— Exercise brief —
Pictures stay out of the copy. Retype exactly the lines below from the one with "Thiết kế nội" through the one with "Кран підйомник складаний".

— Records shown —
⁂

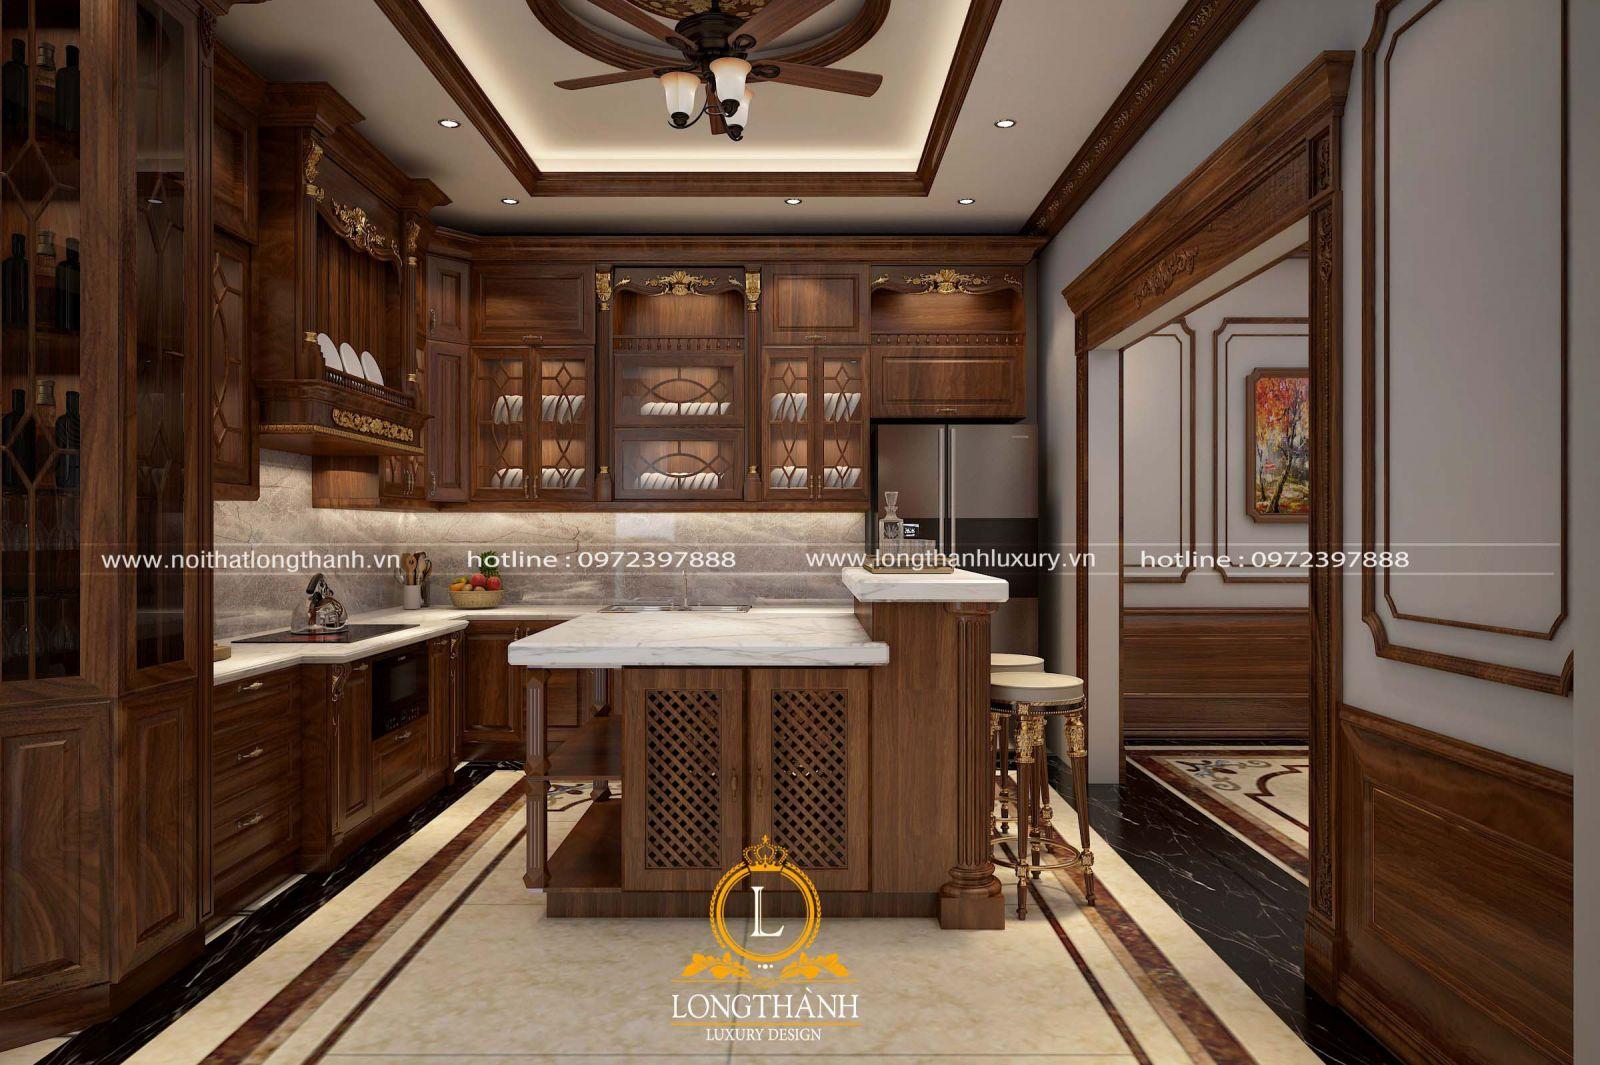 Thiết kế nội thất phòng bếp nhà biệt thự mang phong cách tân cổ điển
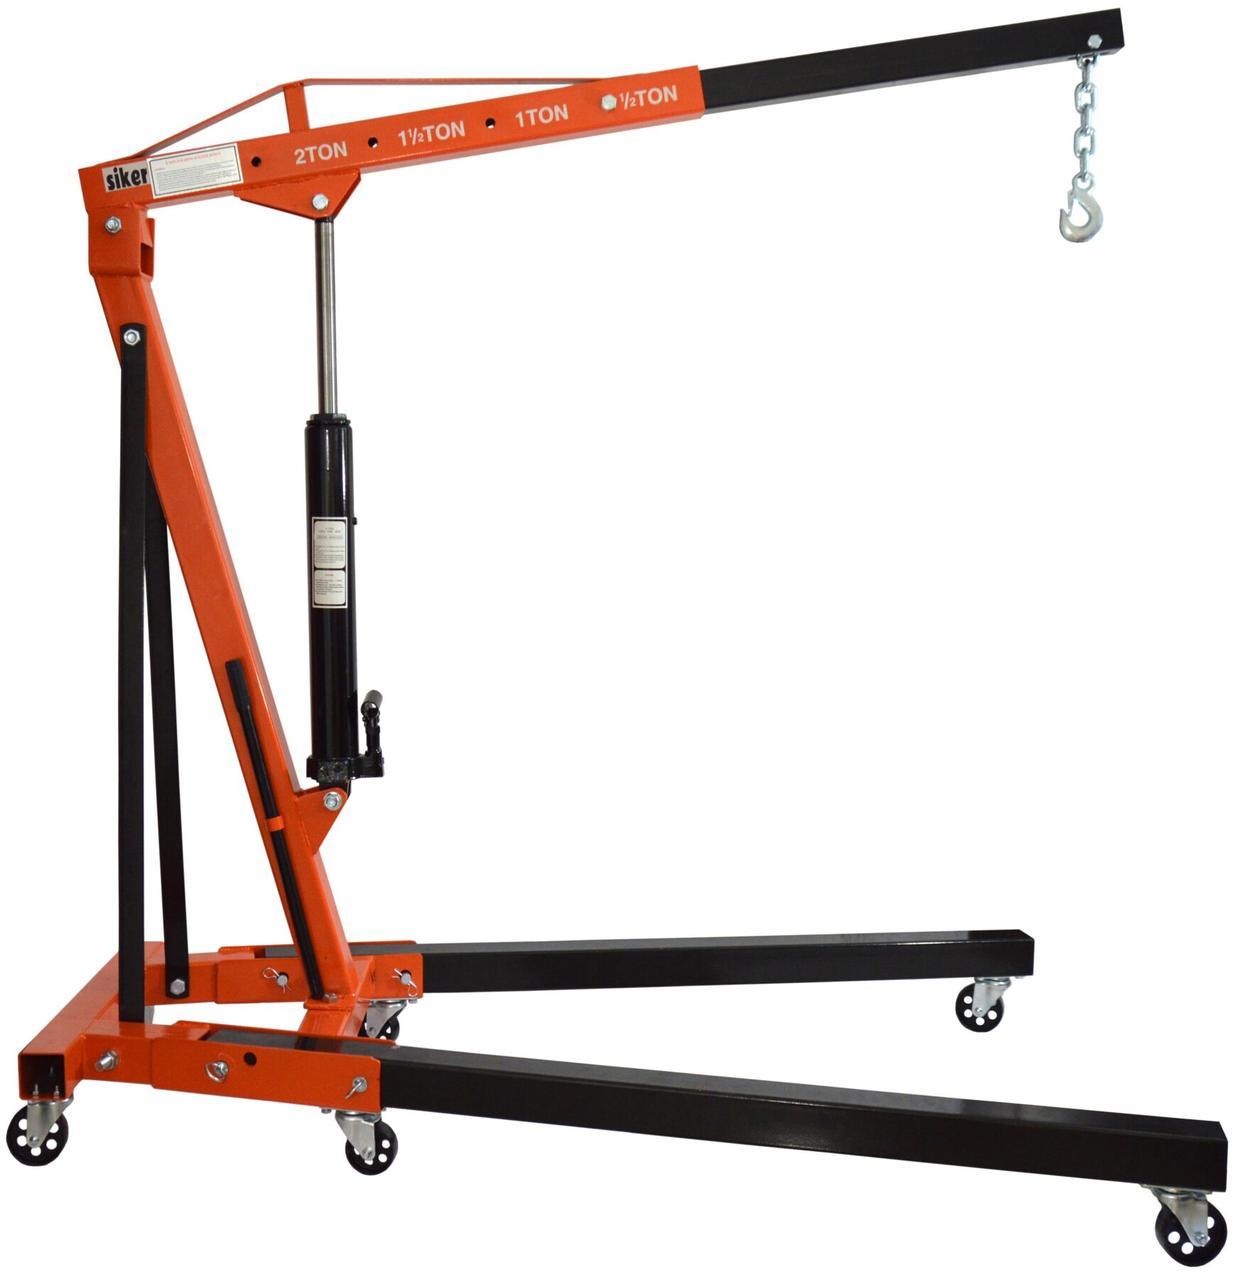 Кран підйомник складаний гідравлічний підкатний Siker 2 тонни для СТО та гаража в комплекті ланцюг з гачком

⁂

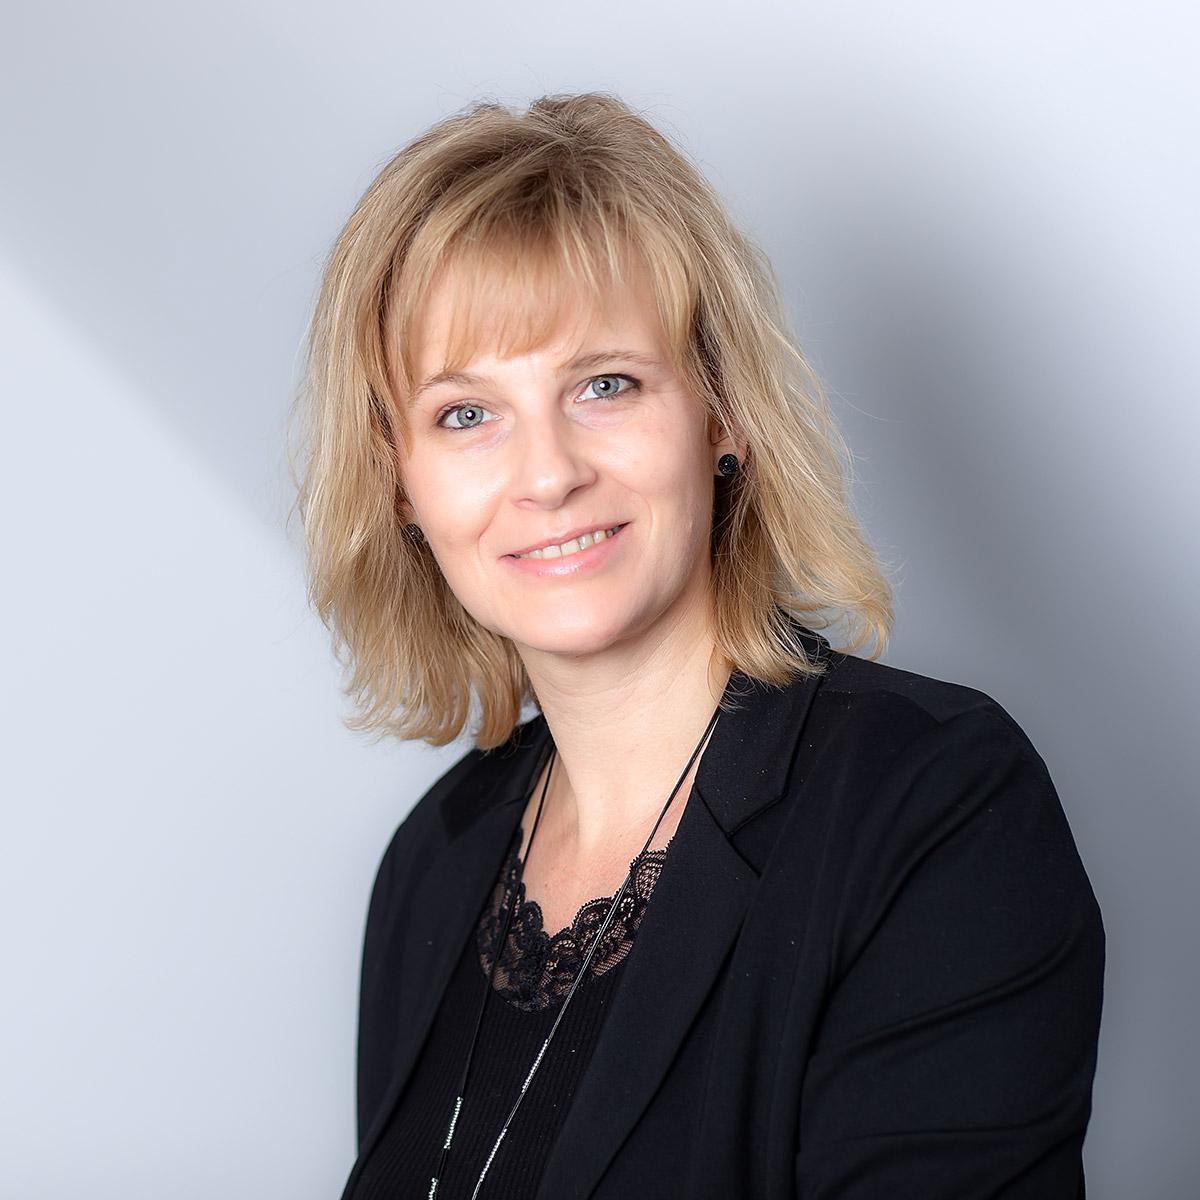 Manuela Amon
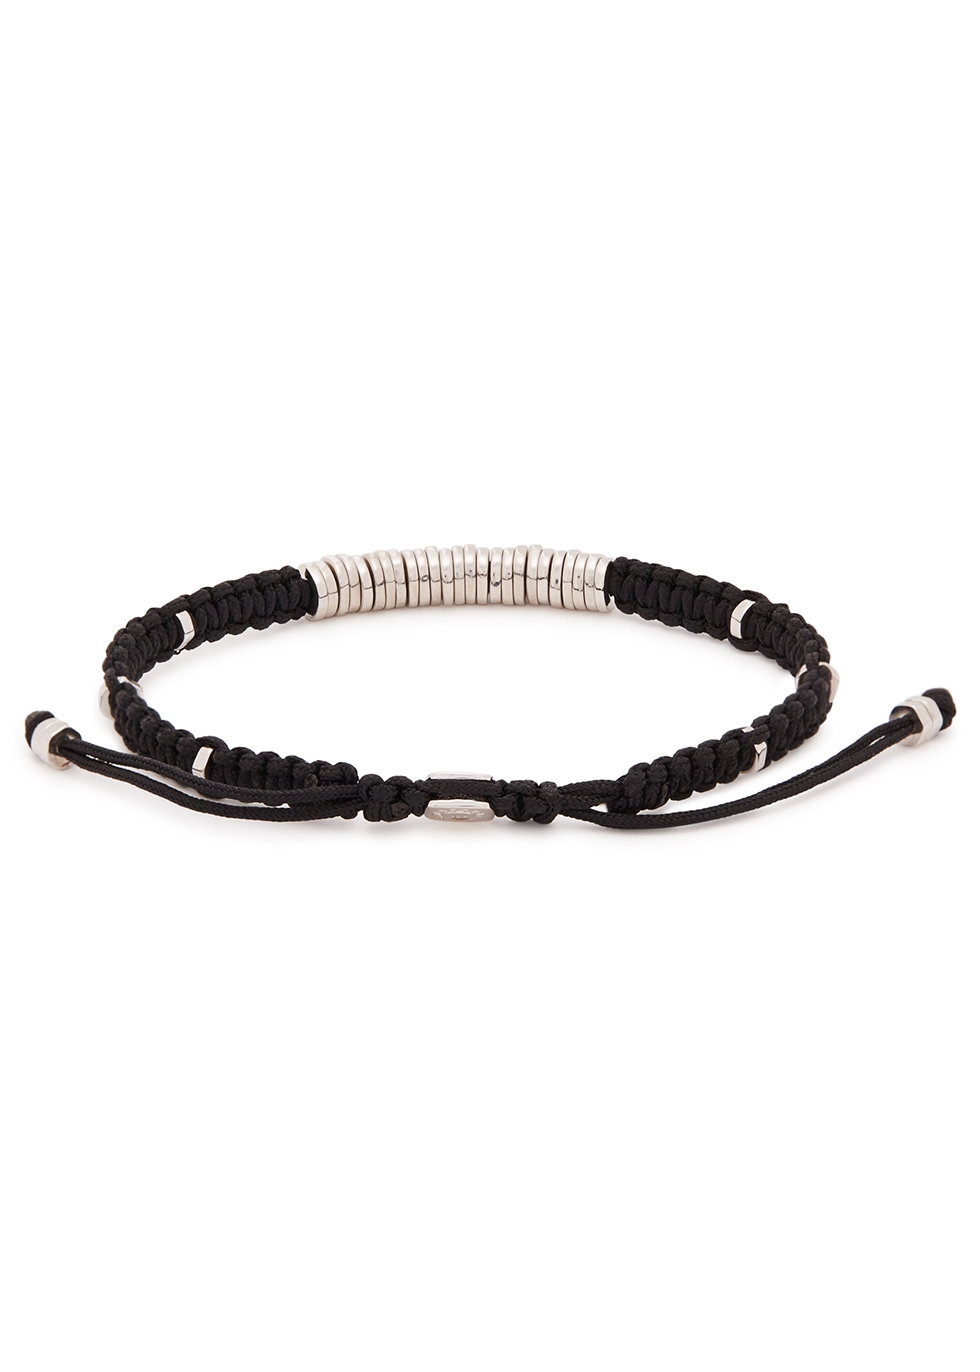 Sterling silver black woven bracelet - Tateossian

⁂

— Task result —
 Thiết kế nội thất phòng bếp nhà biệt thự mang phong cách tân cổ điển
 Кран підйомник складаний гідравлічний підкатний Siker 2 тонни для СТО та гаража в комплекті ланцюг з гачком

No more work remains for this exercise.